Background: The linkage phase, or haplotype, is an extra level of information that in addition to genotype and pedigree can be useful for reconstructing the inheritance pattern of the alleles in a pedigree, and computing for example Identity By Descent probabilities. If a haplotype is provided, the precision of estimated IBD probabilities increases, as long as the haplotype is estimated without errors. It is therefore important to only use haplotypes that are strongly supported by the available data for IBD estimation, to avoid introducing new errors due to erroneous linkage phases.

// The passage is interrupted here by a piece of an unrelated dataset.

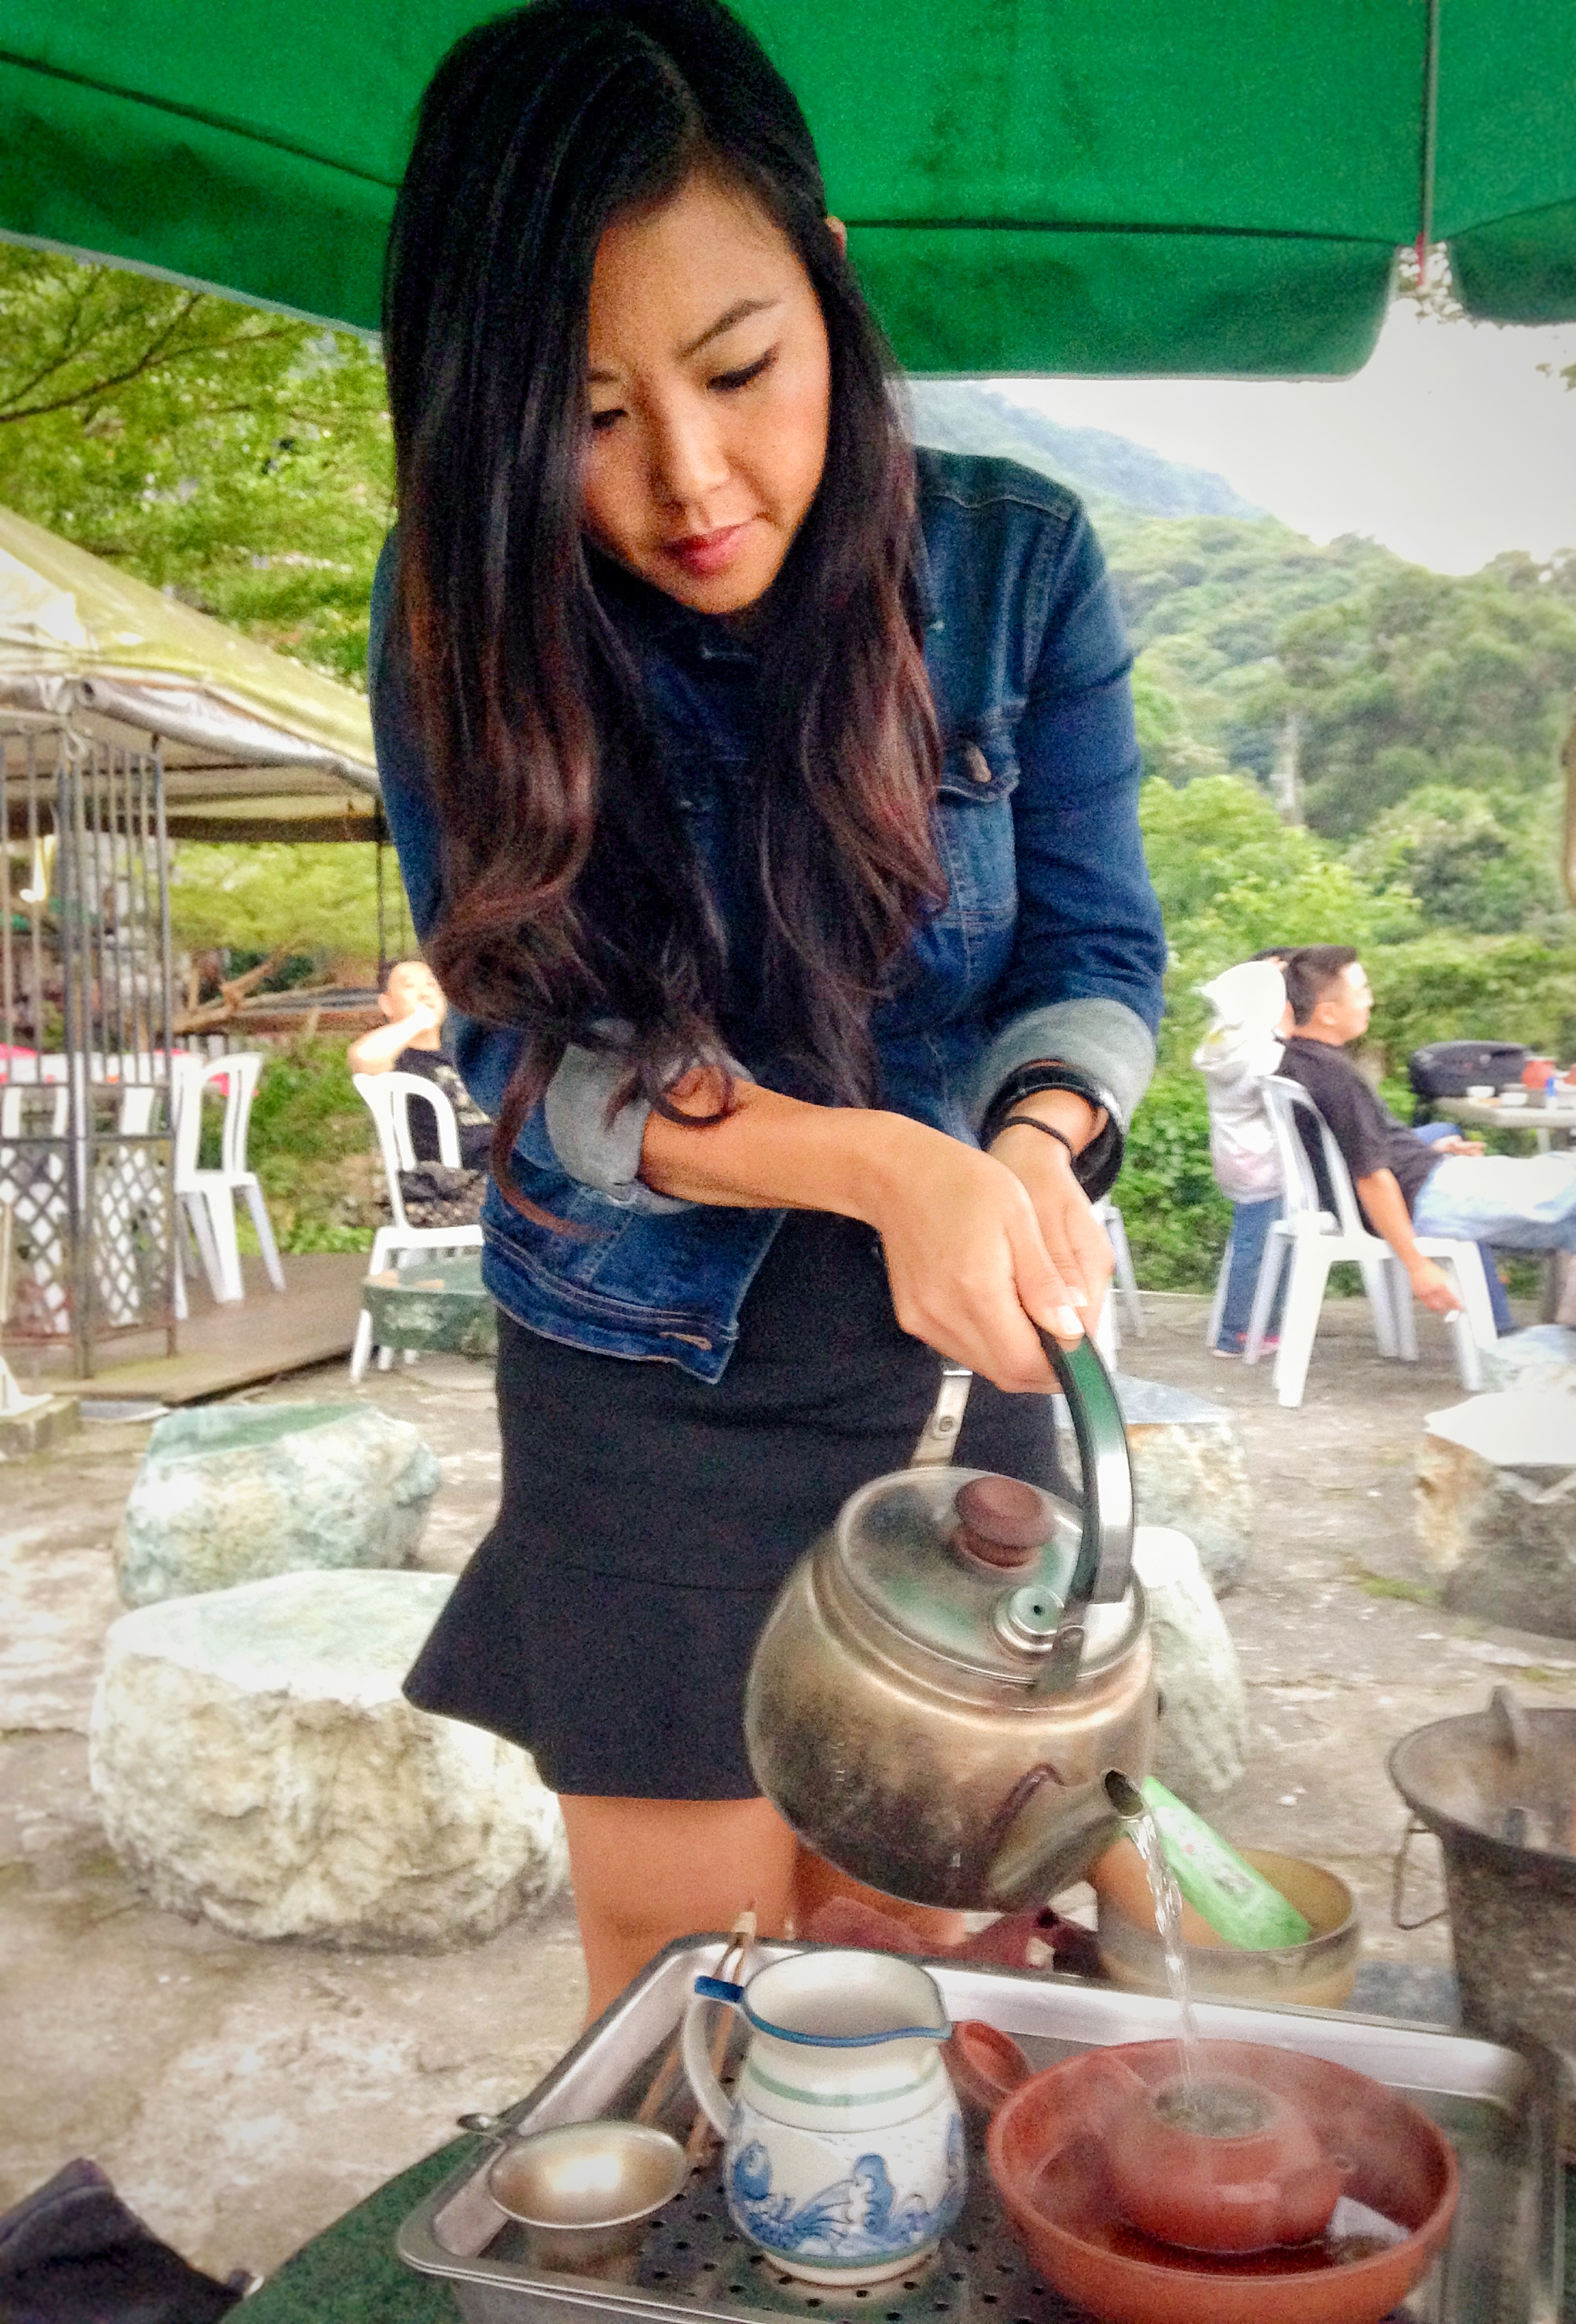 Taiwan - Pouring Tea

Results: We propose a genetic algorithm based method for haplotype estimation in family data that includes a stringency parameter. This allows the user to decide the error tolerance level when inferring parental origin of the alleles. This is a novel feature compared to existing methods for haplotype estimation. We show that using a high stringency produces haplotype data with few errors, whereas a low stringency provides haplotype estimates in most situations, but with an increased number of errors.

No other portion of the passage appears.